General Legal Reserve Fund

a) 5% of the profit is allocated as the legal reserve

First Dividend

b) From the remaining amount, the first dividend is allocated in accordance with the Turkish Commercial Code and the capital markets legislation, based on the amount calculated by adding any donations made during the year, if applicable.

c) After the above deductions are made, the General Assembly is entitled to decide upon distribution of the dividend to members of the Board of Directors, officials, servants and workers, foundations established for various purposes and to people and organizations with similar nature.

Second Dividend

d) After deducting the sums mentioned in paragraphs (a), (b) and (c) from the net fiscal profit, the General Assembly is entitled to distribute the remainder in part or in whole as second dividend or as reserve fund upon its own discretion in accordance with article 521 of the Turkish Commercial Code.

e) One-tenth of the amount calculated by deducting 5% of the paid up capital from the portion that was decided to be distributed to shareholders and the other persons holding a share in profit is added to the second legal reserve as per paragraph two, Article 519 of the Turkish Commercial Code.

Unless reserve funds required by the law provisions are set aside and as long as dividend specified in the articles of association for the shareholders is paid in cash and /or in the form of shares; no decision may be made to distribute further reserve fund, transfer profit to next year and distribute dividend to members of board of directors as well as officers, personnel and workers, to the foundations established with various purposes and such person and /or entities.

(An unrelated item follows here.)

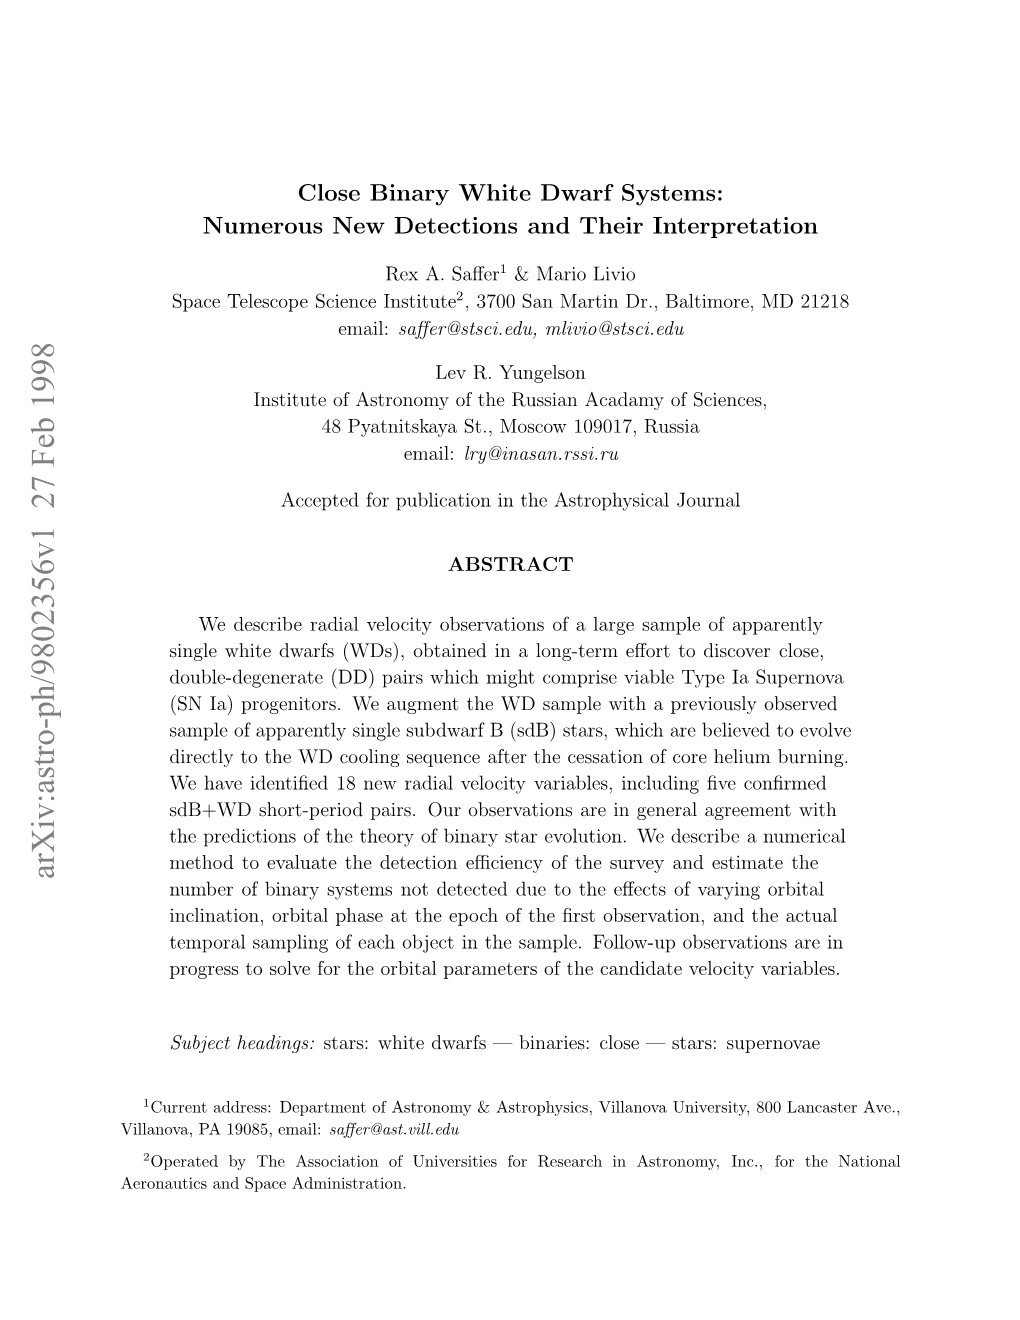 Close Binary White Dwarf Systems: Numerous New Detections and Their Interpretation

In accordance with the provisions of our Company's Articles of Association, there is no privilege in terms of the distribution of dividends. Dividends shall be equally distributed to the entirety of existing shares as of the accounting period without taking into consideration their issue and acquisition dates.

In regard to profit distribution, our company has adopted a policy aimed at ensuring a balanced and consistent approach between the interests of shareholders and those of the Company, in accordance with the Corporate Governance Principles. This policy takes into account the Company's medium- and long-term strategy, investment and financing policies, sustainable growth rate, profitability, and cash position. Based on this, it is proposed to the General Assembly that at least 50% of the profits derived from real estate assets in the portfolio be distributed in the form of bonus shares or cash in 2025 and subsequent years.

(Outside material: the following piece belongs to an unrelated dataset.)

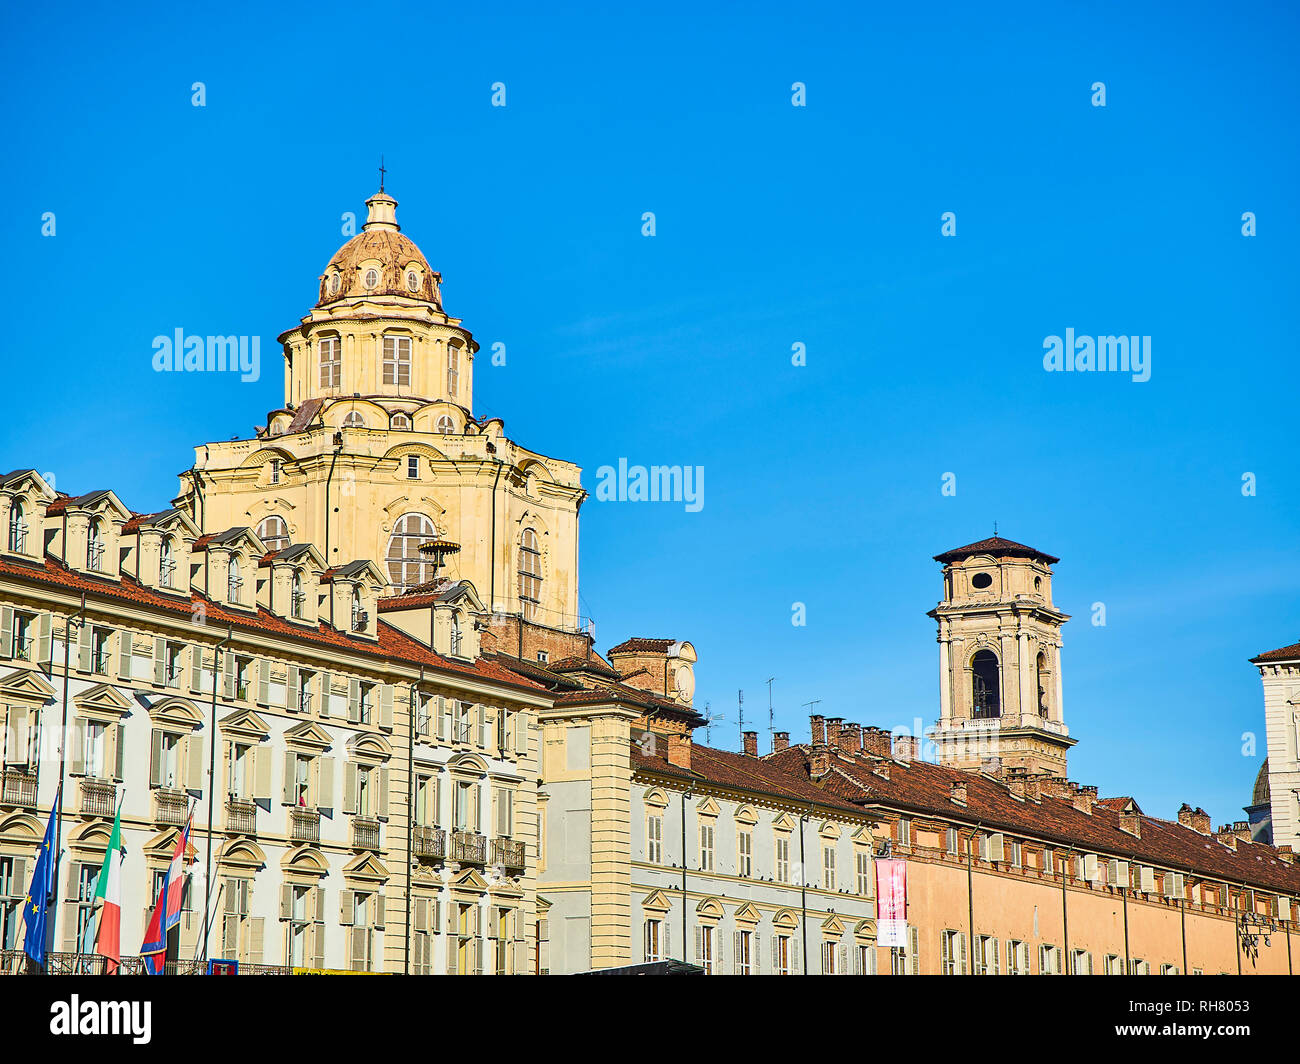 Dome of the Real Chiesa di San Lorenzo church and the Bell Tower of the San Giovanni Battista Cathedral in the background. View from the Piazza Castel Stock Photo

In the event that the General Assembly decides to distribute dividends in 2025 and subsequent years, the dividend distribution process will commence no later than the end of June of the fiscal year in which the General Assembly meeting for the distribution decision is held.

If the Board of Directors proposes not to distribute the profit to the General Assembly, information on the reasons for this and the way the undistributed profit will be used is presented to the shareholders at the General Assembly meeting, and they are included in the Company's annual report and disclosed to the public.

4. Public Disclosure

The profit distribution decision becomes effective upon approval at the General Assembly Meeting, and the decisions made are disclosed to the public on the same day through the Public Disclosure Platform (KAP).

In the event of a proposed change to the profit distribution policy, the decision of the Board of Directors and the rationale for the change will be announced to the public in accordance with the regulations of the Capital Markets Board on the public disclosure of material events.